Without a compelling story to tell voters about his party’s record in government, his speeches have largely resorted to scare tactics instead. The world, he tells us, is more dangerous now than it’s been since the end of the Cold War. He’s right, of course, but part of the reason for this is that the UK continues to export arms to countries like Saudi Arabia and Israel. A British Prime Minister complaining that the world is dangerous is like Harvey Weinstein complaining that Hollywood is sleazy. Yes, it is – you made it that way.

Grasping at thin air for anything resembling a vision for the future, Sunak has even proposed bringing back National Service. To be fair, National Service is surprisingly popular with older people, who apparently believe that the problem with young people today is that they spend too much time on their phones and not enough time committing war crimes in the Middle East.

If appealing to the ‘grey’ vote was Sunak’s Plan A, it makes his decision to leave the D-Day 80th anniversary commemoration all the more incomprehensible. While other European leaders lined up to pay homage to the last survivors of the Normandy landing, the Tory leader played truant. To understand how offensive this was to his party’s core demographic, imagine if an Irish Taoiseach left a 1916 commemoration early to play cricket on the grave of Padraig Pearse.

For all his faults, at least Boris Johnson could read a room. He would never have messed up such a ripe opportunity for jingoistic show-boating so close to a general election. Johnson would have arrived at the D-Day event in a Union Jack hot-air balloon, kissed the veterans wetly on their calloused mouths, and then fired a rock launcher vaguely in the direction of Berlin.

Out of touch

The general feeling here is that Sunak cannot appeal to ordinary people because he fundamentally misunderstands them and what they are going through. His claim to have gone without Sky TV as a child in an ITV interview was especially artless — this is a country where three in ten children live in poverty, after all. The richest UK premier ever elected, his personal fortune grew by £2.2 million last year alone.

Like a foppish Gallic monarch, it’s possible that Sunak is so out of touch that he can’t understand why people are so angry at him. He’s publicly stated that he still expects to be Prime Minister tomorrow.

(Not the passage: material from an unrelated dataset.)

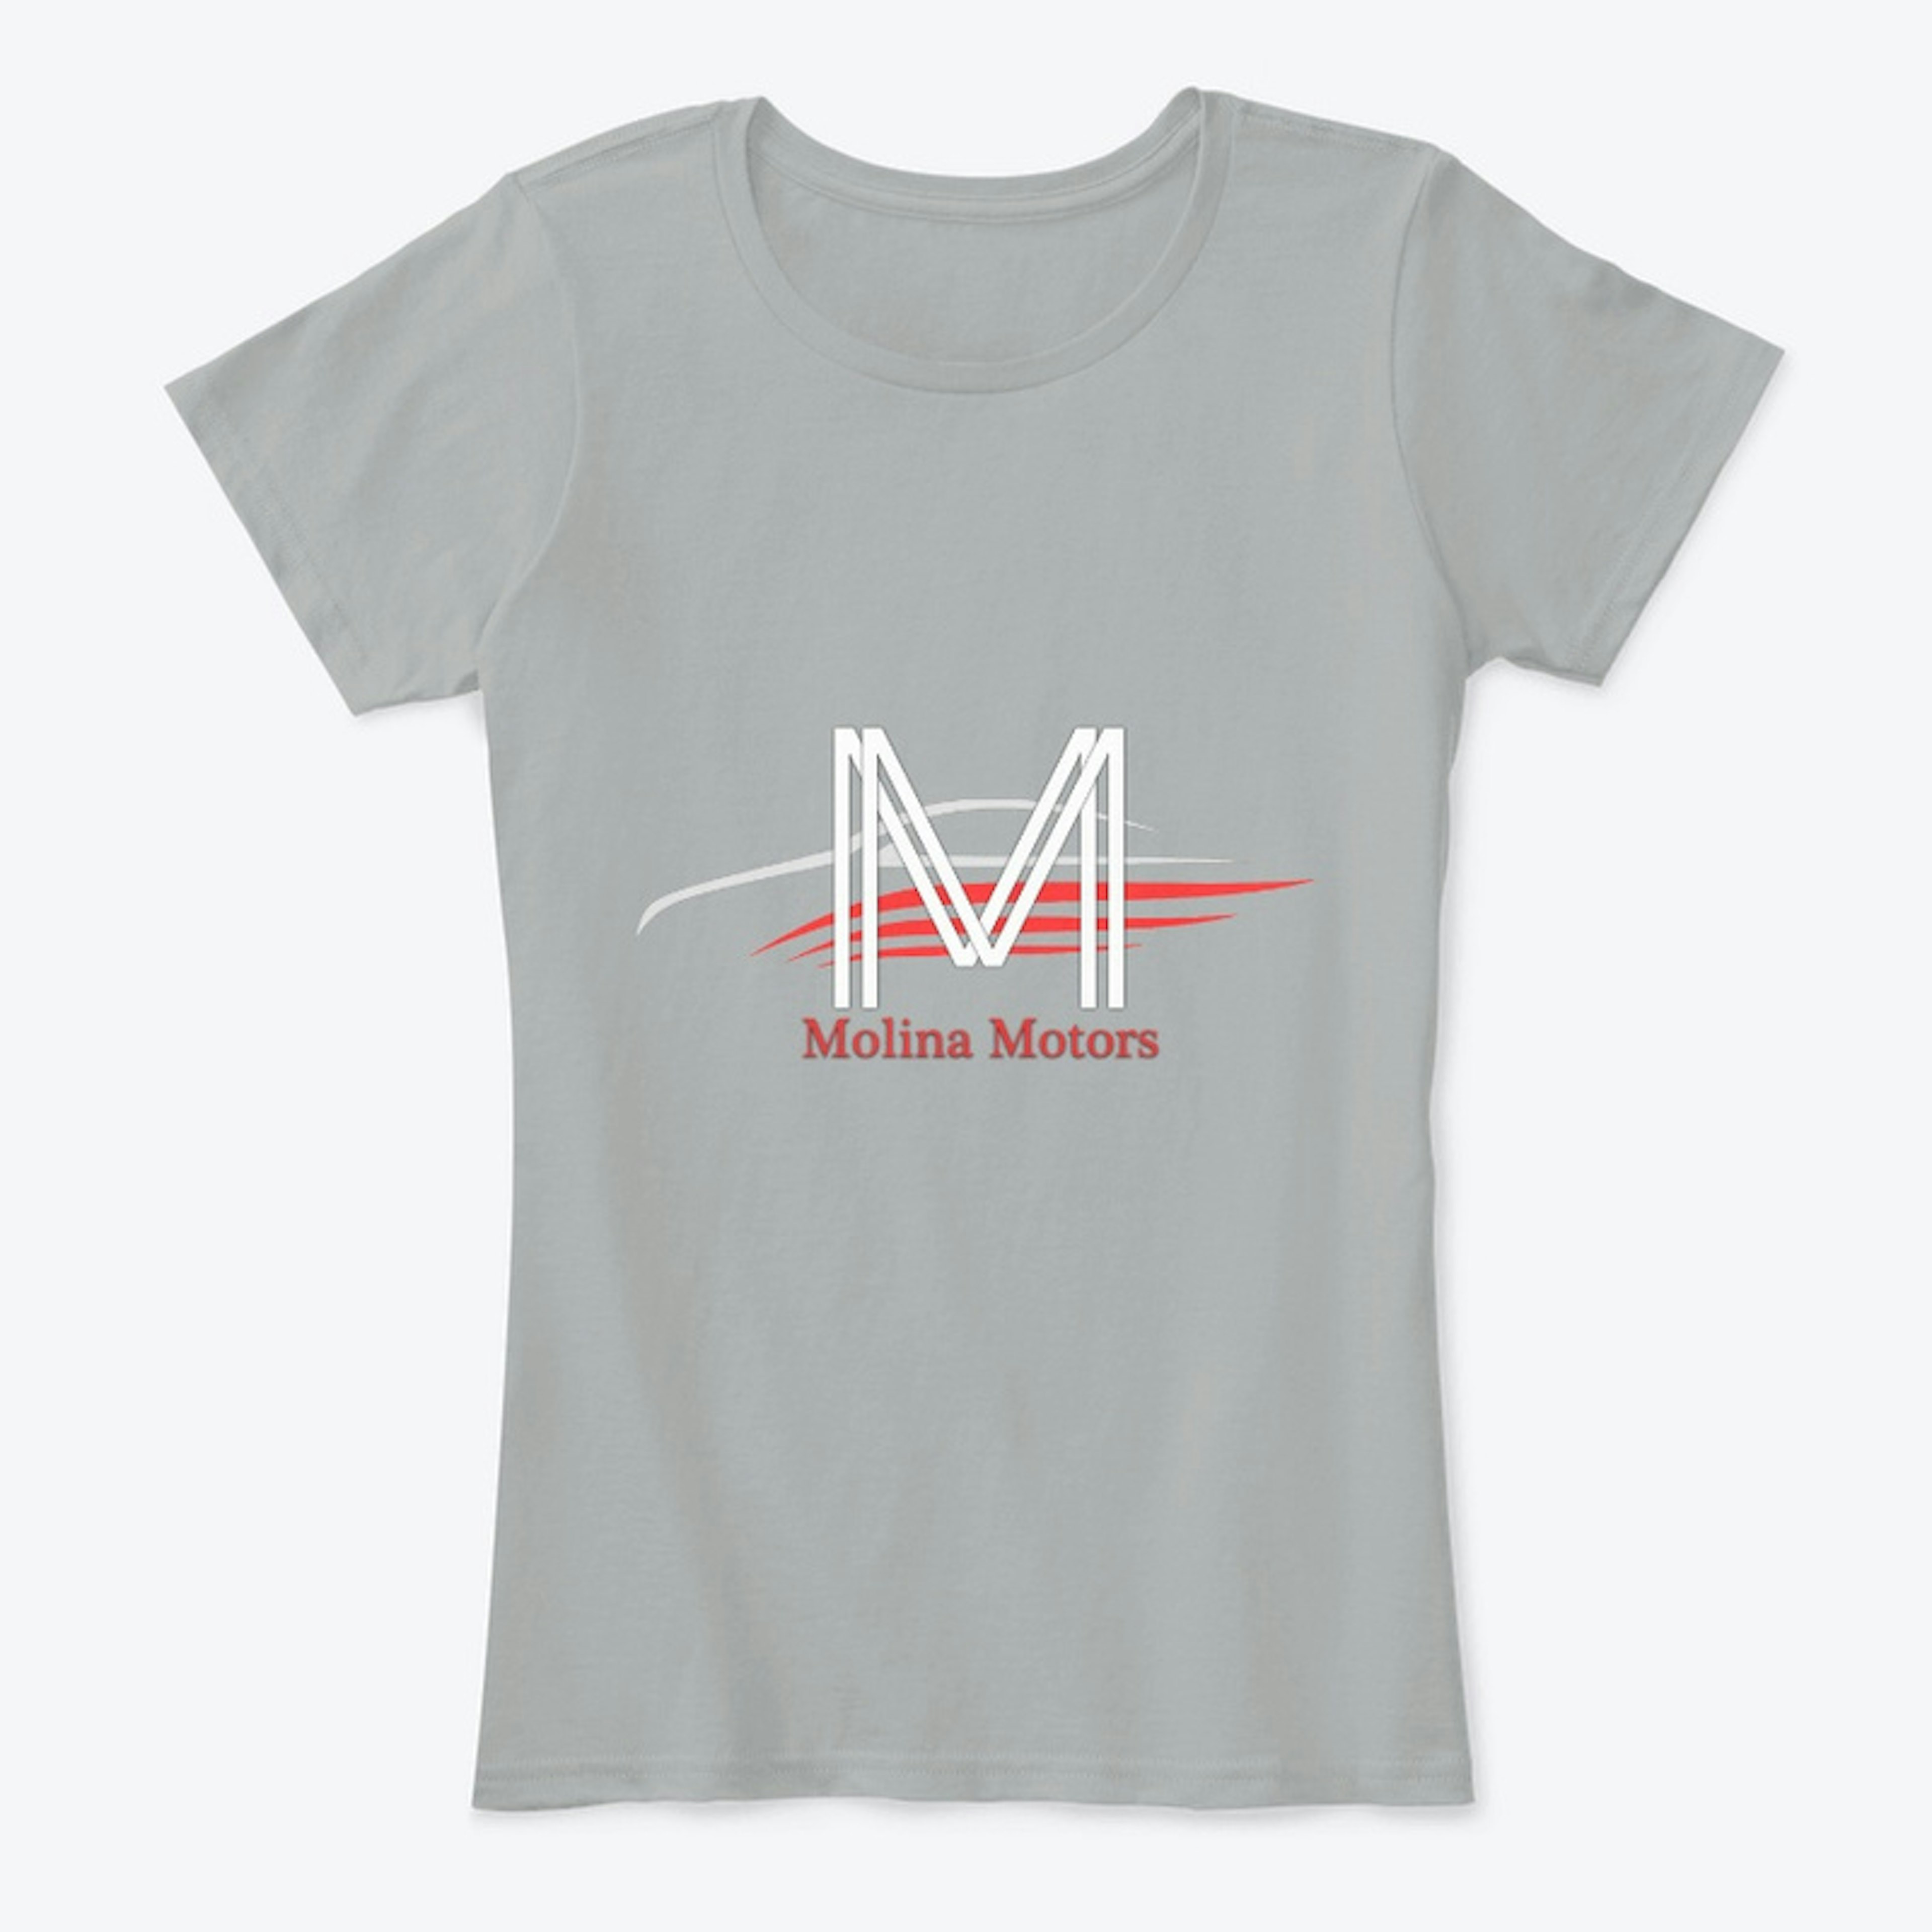 Molina Motors White and Red Logo Tee

John Major said the same thing in 1997, but we now know his wife had been quietly moving their possessions out of Number 10 in the days and weeks prior to her husband’s electoral wipe-out.

The question this morning is not whether the Tories will lose, but how badly they will lose. There is speculation now that they could come third to the Liberal Democrats. The Liberal Party know what this feels like – they won their last majority in 1906 before eventually being pushed out by the insurgent Labour Party against a backdrop of in-fighting, worker strikes and world war. Sound familiar?

This morning will be my second time voting in a British general election. In the five years since the Tories eviscerated Jeremy Corbyn, I’ve seen friends lose their jobs, emigrate due to Brexit, languish on NHS waiting lists, and even get evicted from their homes by unscrupulous landlords. There is a sense, more than ever, that politics really matters.

It remains to be seen what Starmer does with the weight of this expectation. The problems facing the new government are enormous and his critics on the right question his appetite for radical change. Almost intentionally boring, his looming landslide will be met by a sigh of relief rather than a chorus of cheers. Even if all he has to offer is competency and fairness, then his premiership will feel like a warm shower after 14 years of walking in the rain.